Thursday, 6 February 2014

Porridge in a pot.....

Well that's what the pot in question looks as if it should be used for anyway.   But in fact it has ended up with something quite different inside it....

Followers of this blog will perhaps remember the name Norman Randall.   I've mentioned him more than once in the past because he made the carcasses of several of my dolls houses, leaving them, for the most part, for me to finish.

His wife Sheila was a colleague of mine at work and when Norman was due to retire she was bemoaning the fact that he really didn't know what he was going to do with himself.   I asked whether he enjoyed woodworking and lo!   A dolls house maker was born.   

And some time later so was a miniature knitter - Sheila produced the most amazing baby clothes and dresses for little girls.   

Norman was responsible for three of my best houses - the Dutch House, already familiar to blog followers from some very early posts but here to be seen again encased in solitary splendour in its temporary home in the Bavorov Museum, before Small Worlds opened to the public...

As with the Japanese house, he built this one from plans and handed me the unfinished carcass, which I then decorated inside and out.   The Japanese house was a delight to work on - I had to do a lot of research on how the Japanese live in their homes before I touched the house at all.   It will feature in another blog post once I am back in Bavorov, but here is a glimpse of the outside.   Sadly, the roof is suffering badly from being lifted off several times a day to show visitors the inside.   I shall have to think of some way round that next season.   

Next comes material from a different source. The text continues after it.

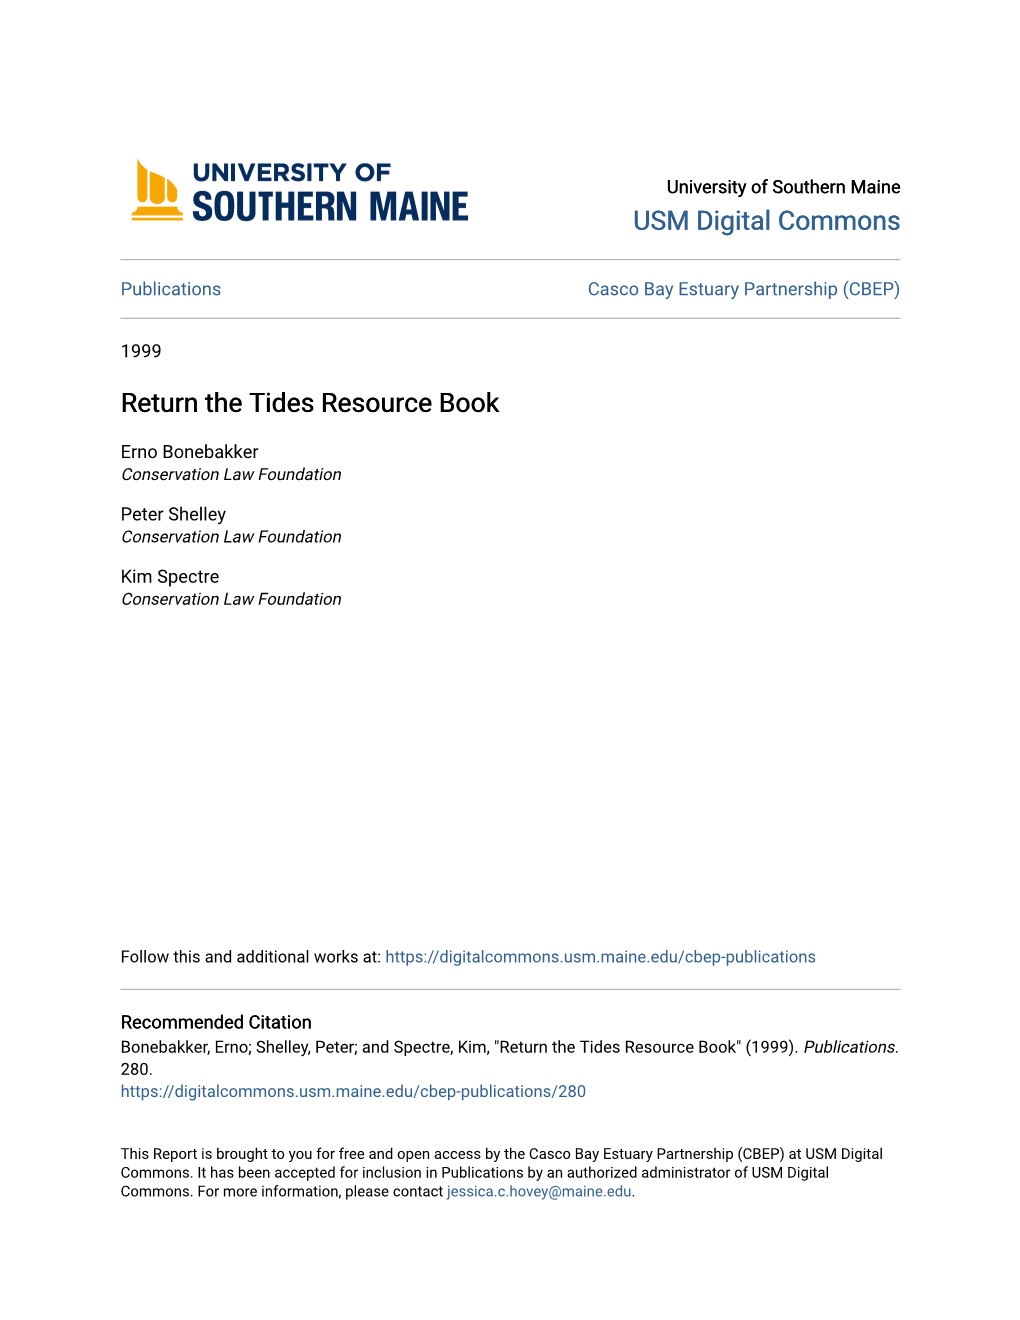 Return the Tides Resource Book
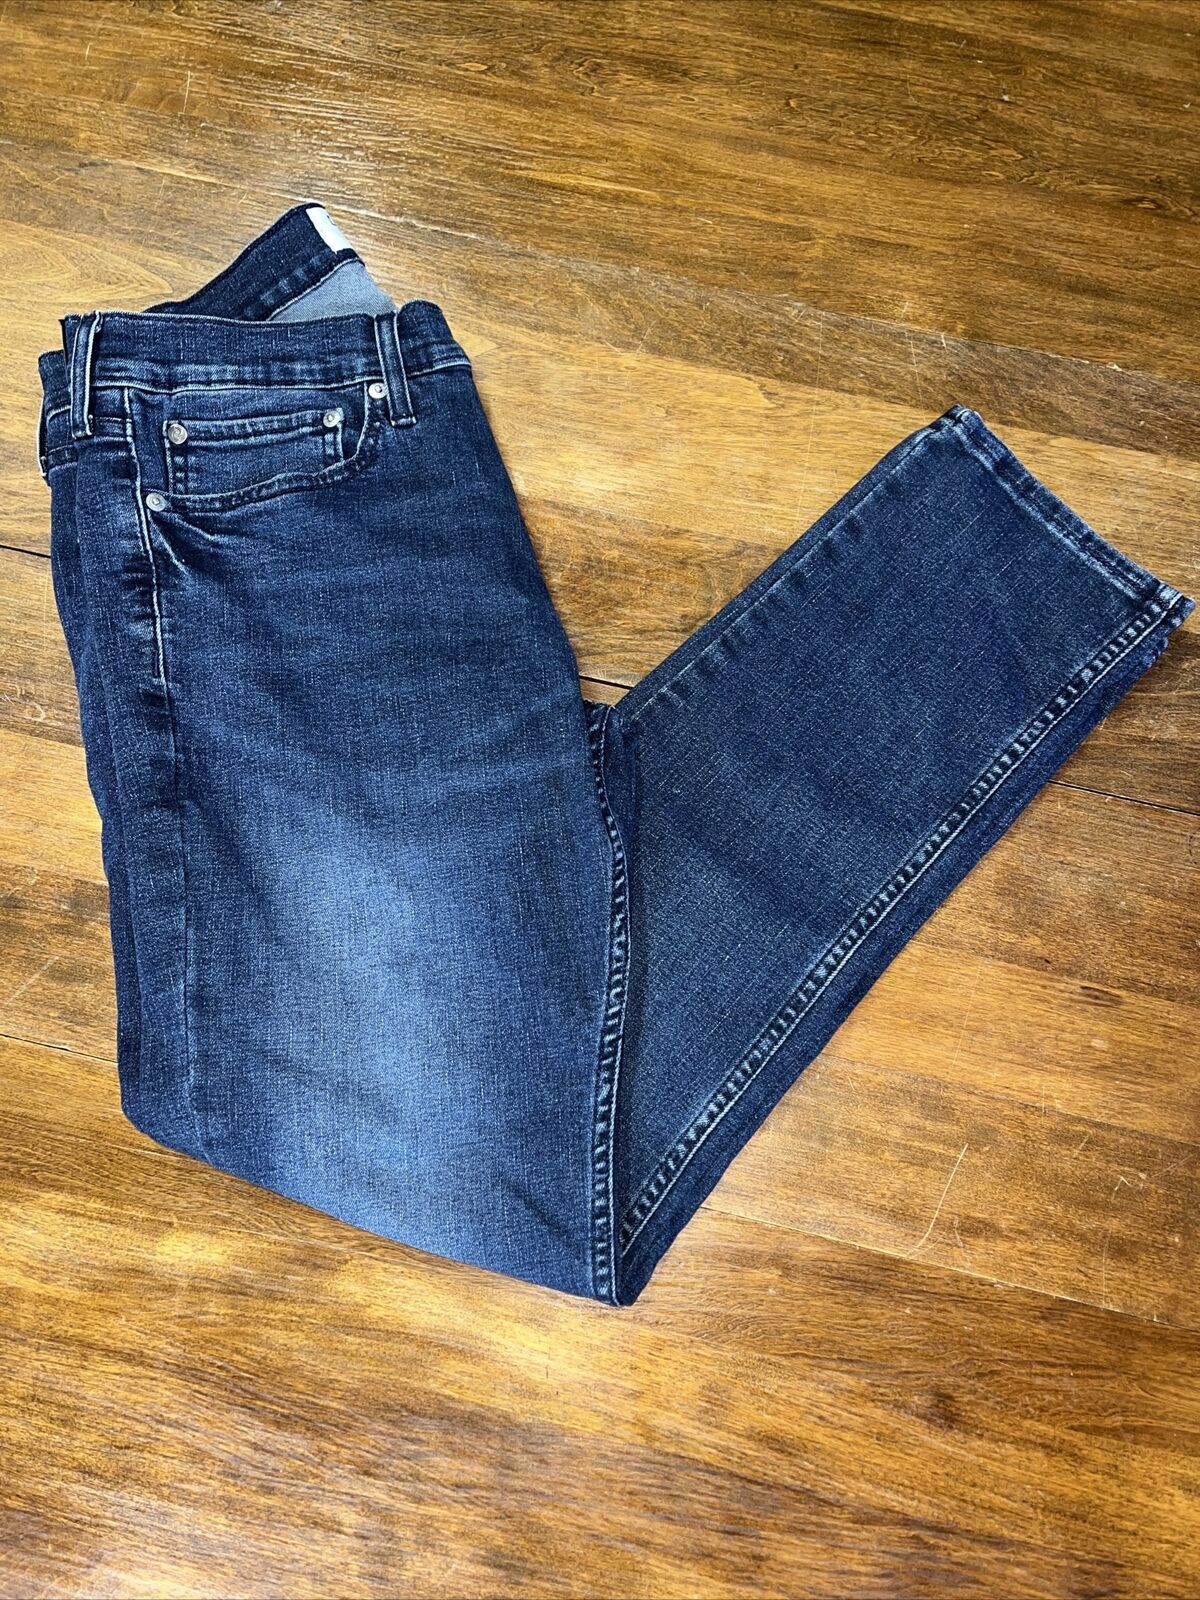 Levi's Denizen 288 Skinny Jeans Mens 32x30 Actual  Taper Fit Dark  Wash | eBay

All this was so many years ago that I can no longer remember which came first of the three - it might well have been the Cape Cod,  again built from plans, which I took over originally from Norman completely decorated. It had however suffered quite badly during storage in the garage and moth had got into the carpets so last year it underwent a complete renovation, thanks to butterfly who has chosen it as the house she would most like to live in.   You will find full details of her work - still to be finished this year - part way through the blogpost on the above link.

But again - here's a glimpse....

Work on the siding on the roof has since been completed but the house is still bathroomless, awaiting the return of butterfly to Bavorov in the spring.

What, you may well ask, has all this got to do with porridge in a pot?   Well, once Norman and Sheila got into miniatures they joined, along with me, a group called The Herts Miniaturists.   We met monthly and made things together and one day Norman was moved to create a room in an unusual container - yes indeed, a big black saucepan.   I can't remember now whether this is what triggered the idea of rooms set in unusual containers, so that all of us in the group then set about making something, or whether someone had the idea, set it as an in-group competition, and Norman then did as he was told!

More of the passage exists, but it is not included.